Time to review law of the sea
Updated: 2011-08-30 08:10
By Li Jinming (China Daily)
As tension heats up in the South China Sea, some bordering countries insist on solving the dispute simply within the framework of the United Nations Convention on the Law of the Sea (UNCLOS), but this insistence ignores history and violates inter-temporal law, a doctrine of international law.
As early as 1843, former United States secretary of state Abel P. Upshur wrote in an official letter: "A people's right to land discovered in the 16th century is determined on the basis of international law as understood at that time and not on the basis of improved upon or more enlightened views 300 years later."
Robert Y. Jennings, British scholar in international law and former president of the International Court of Justice, has said: "A juridical fact must be appreciated in light of the law contemporary with it, and not the law in force at the time when a dispute in regard to it arises or falls to be settled."
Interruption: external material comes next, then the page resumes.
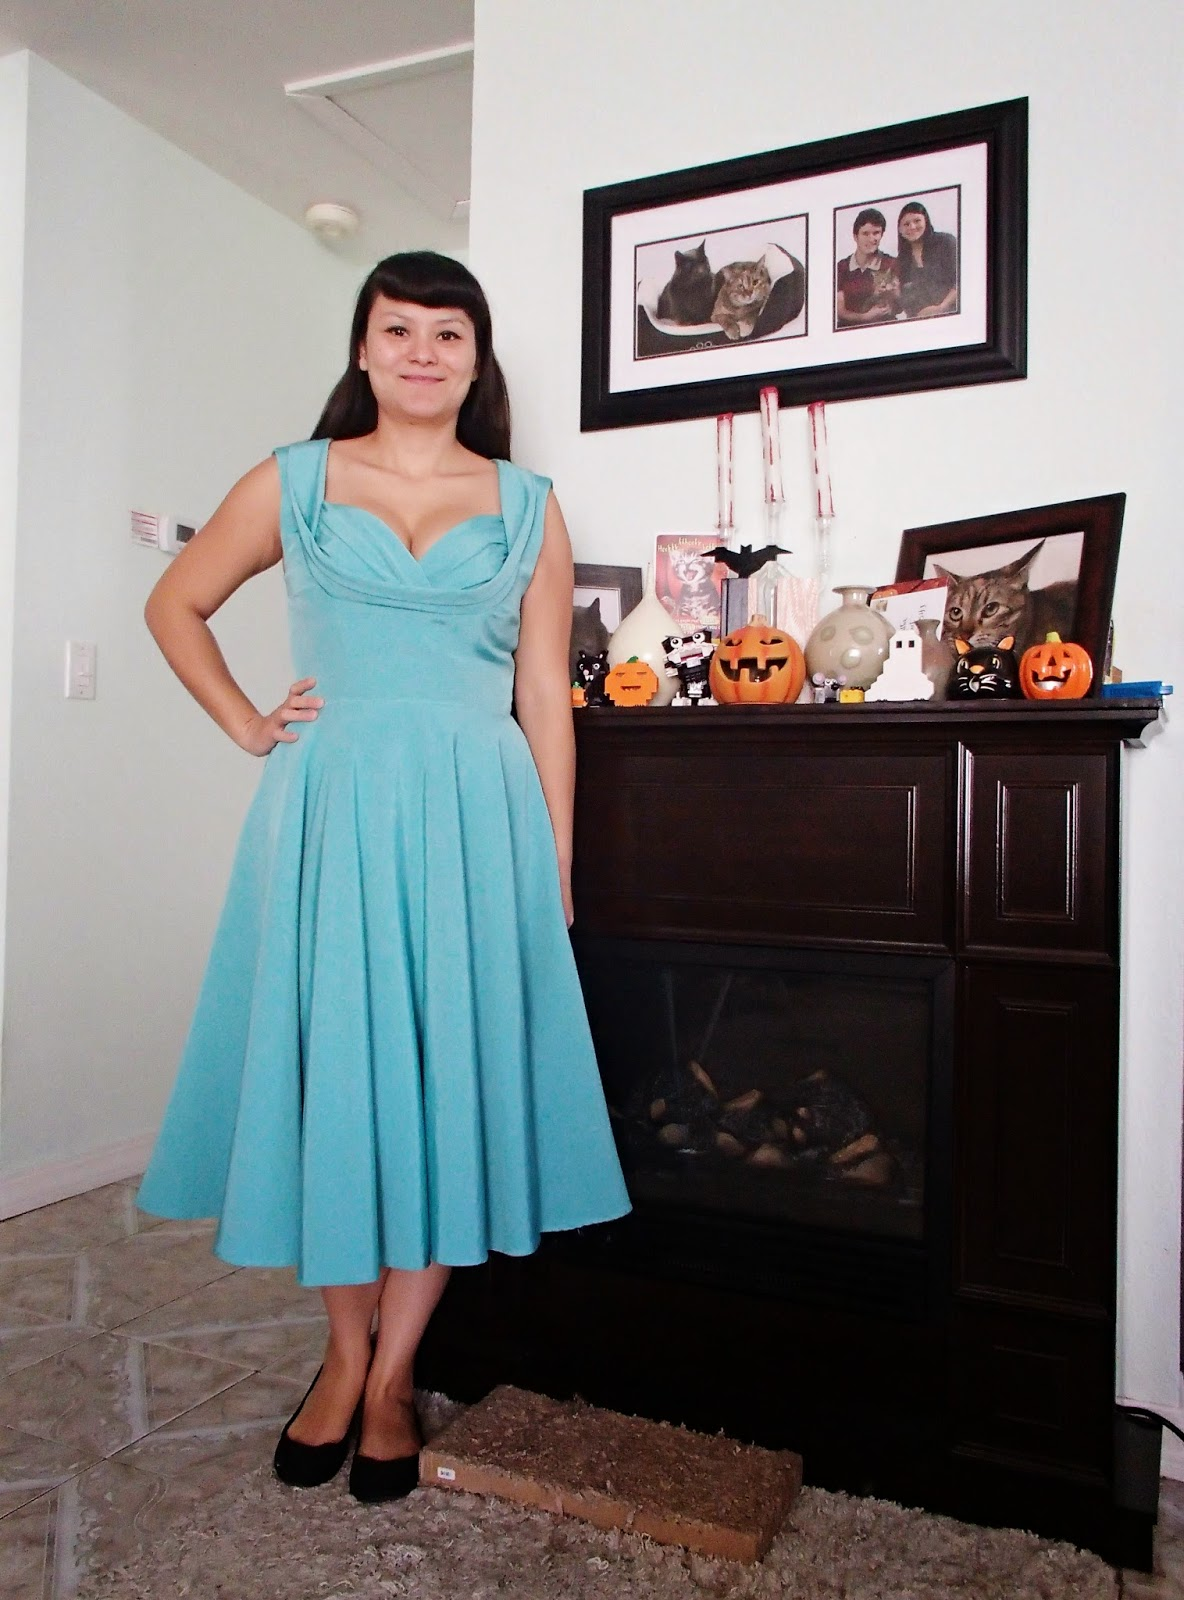 Silver Cat Tea Party: Fancy Dress For Less
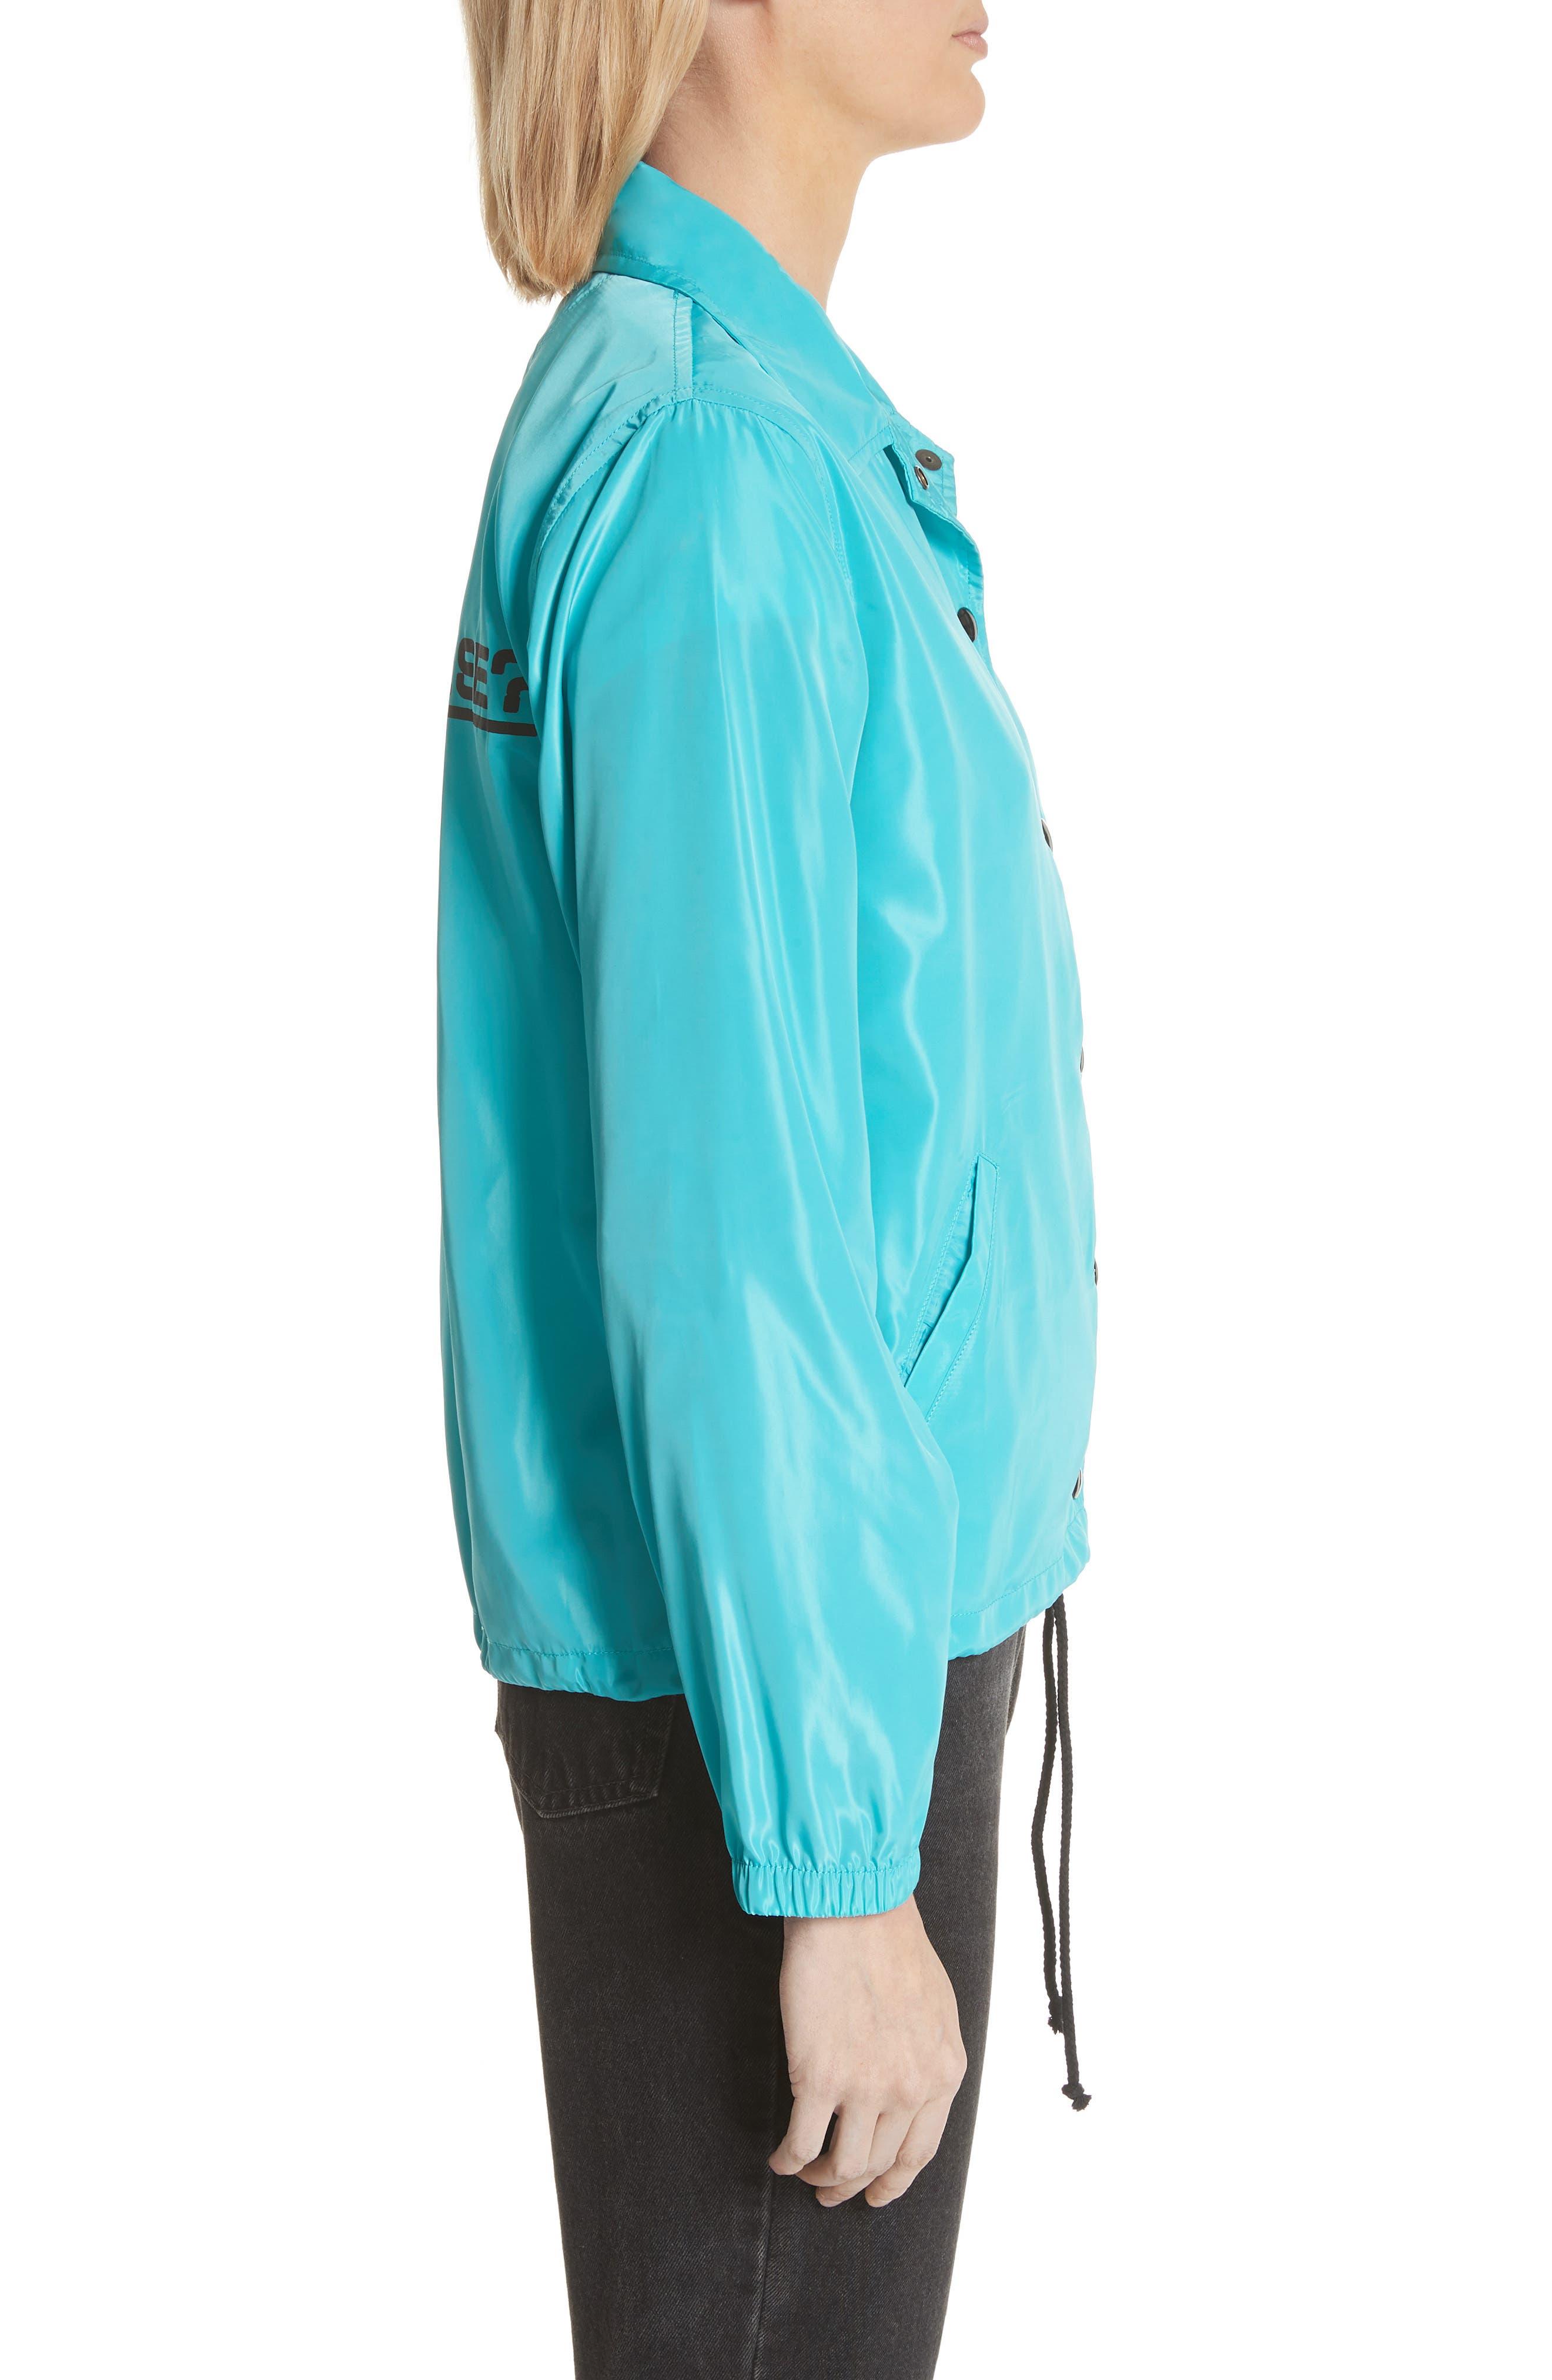 Parli Inglese Coach Jacket,                             Alternate thumbnail 3, color,                             Turquoise

Speaking of Chinese people's discovery of Xisha and Nansha islands, Choon-Ho Park, South Korean expert in the law of the sea, expressed doubt whether modern international law is fully applicable to the historical facts of pre-modern times, saying that the discovery and use of these islands should be in line with the circumstances of that time instead of the interpretation of modern laws.
L.F.L. Oppenheim's International Law: A Treatise says: "In former times, the two conditions of possession and administration, which now make the occupation effective, were not considered necessary for the acquisition of territory through occupation". In Oppenheim's opinion, in the age of discovery, some symbolic act other than "effective occupation" was enough to justify the acquisition of territory in light of the law contemporary with it. It was not until the 18th century that international law entailed "effective occupation", and only in the 19th century did countries conform to such regulations in their practices.
Viewed in this light, inter-temporal law can play a key role in solving historical territorial disputes. China's sovereignty claim over the Xisha and Nansha islands can be justified from two aspects.
On one hand, China's sovereignty claim over the Nansha Islands can be traced back to centuries ago when there were fewer conditions for establishing title. Just as Daniel J. Dzurek, an US geographer, wrote, because the Nansha Islands and reefs were minuscule and had little economic importance until the development of extended jurisdiction under the new law of the sea, the claimants made little effort to secure clear title to them by means of occupation.
On the other, in the early 20th century, China mainly occupied the major islets of the two archipelagoes, such as the Yongxing Island and the Taiping Island, because in light of the law of the sea in force at that time, a country did not have to occupy every islet, rock and reef to claim its sovereignty over an archipelago, especially when the rest of the islets were faraway and hard to be reached.
China did not often reiterate its sovereignty over the islands before World War II, because it was universally acknowledged that a country does not have to frequently claim its sovereignty when there is no strong sovereignty request from other countries. Such a principle has been widely adopted in solving territorial disputes, including the 1928 Island of Palmas Case, 1931 Clipperton Island Arbitration and the 1933 Legal Status of Eastern Greenland.
Although UNCLOS is now the law in force to regulate maritime activities, it cannot deny China's historical rights over the Nansha Islands. China's traditional maritime border took shape in 1947, 47 years before UNCLOS came into force in 1994, when concepts such as continental shelf and exclusive economic zone were not yet known. Just as Chao Kuo-tsai, an expert in international law at Taiwan-based "National Chengchi University", has said, vested right is restricted by the law contemporary with it and cannot be withdrawn by laws coming into force later.
Moreover, according to UNCLOS, a coastal country enjoys certain rights over its exclusive economic zone, but such rights are restricted to the natural resources and the country has no sovereignty title over the islands in the region. Therefore, the surrounding countries in the South China Sea cannot use the exclusive economic zone as an excuse to forcibly occupy China's Nansha Islands, even though some of these islands are less than 200 nautical miles from their coastal baselines.
After UNCLOS came into force, some surrounding countries in the South China Sea have been using its articles beneficial to them to claim sovereignty and jurisdiction rights over the islands, and thus intensifying the disputes. The intensified disputes make the implementation of UNCLOS questionable.
Kriangsak Kittichaisaree, former legal officer in Thailand's Ministry of Foreign Affairs, has said: "The 1982 Law of the Sea Convention merely set a 'goal' to be achieved but is silent as to the method to be followed to achieve it. It restricts itself to setting a 'standard', leaving it to the States themselves, or to the Courts, to endow this standard with specific content".
By manipulating the shortcomings of UNCLOS, the surrounding countries have forcibly occupied China's Nansha Islands, are hindering China's offshore oil drilling, and driving away and even sinking Chinese trawlers. Confronted with such threats, China should consider its own situation before enforcing UNCLOS, clearly stipulating its rights over its exclusive economic zone and continental shelf. This is a basic right of a sovereign country and the right way to defend the country's sovereignty and maritime interests.
The author is a professor at the Center for Southeast Asia Studies, Xiamen University, Fujian province.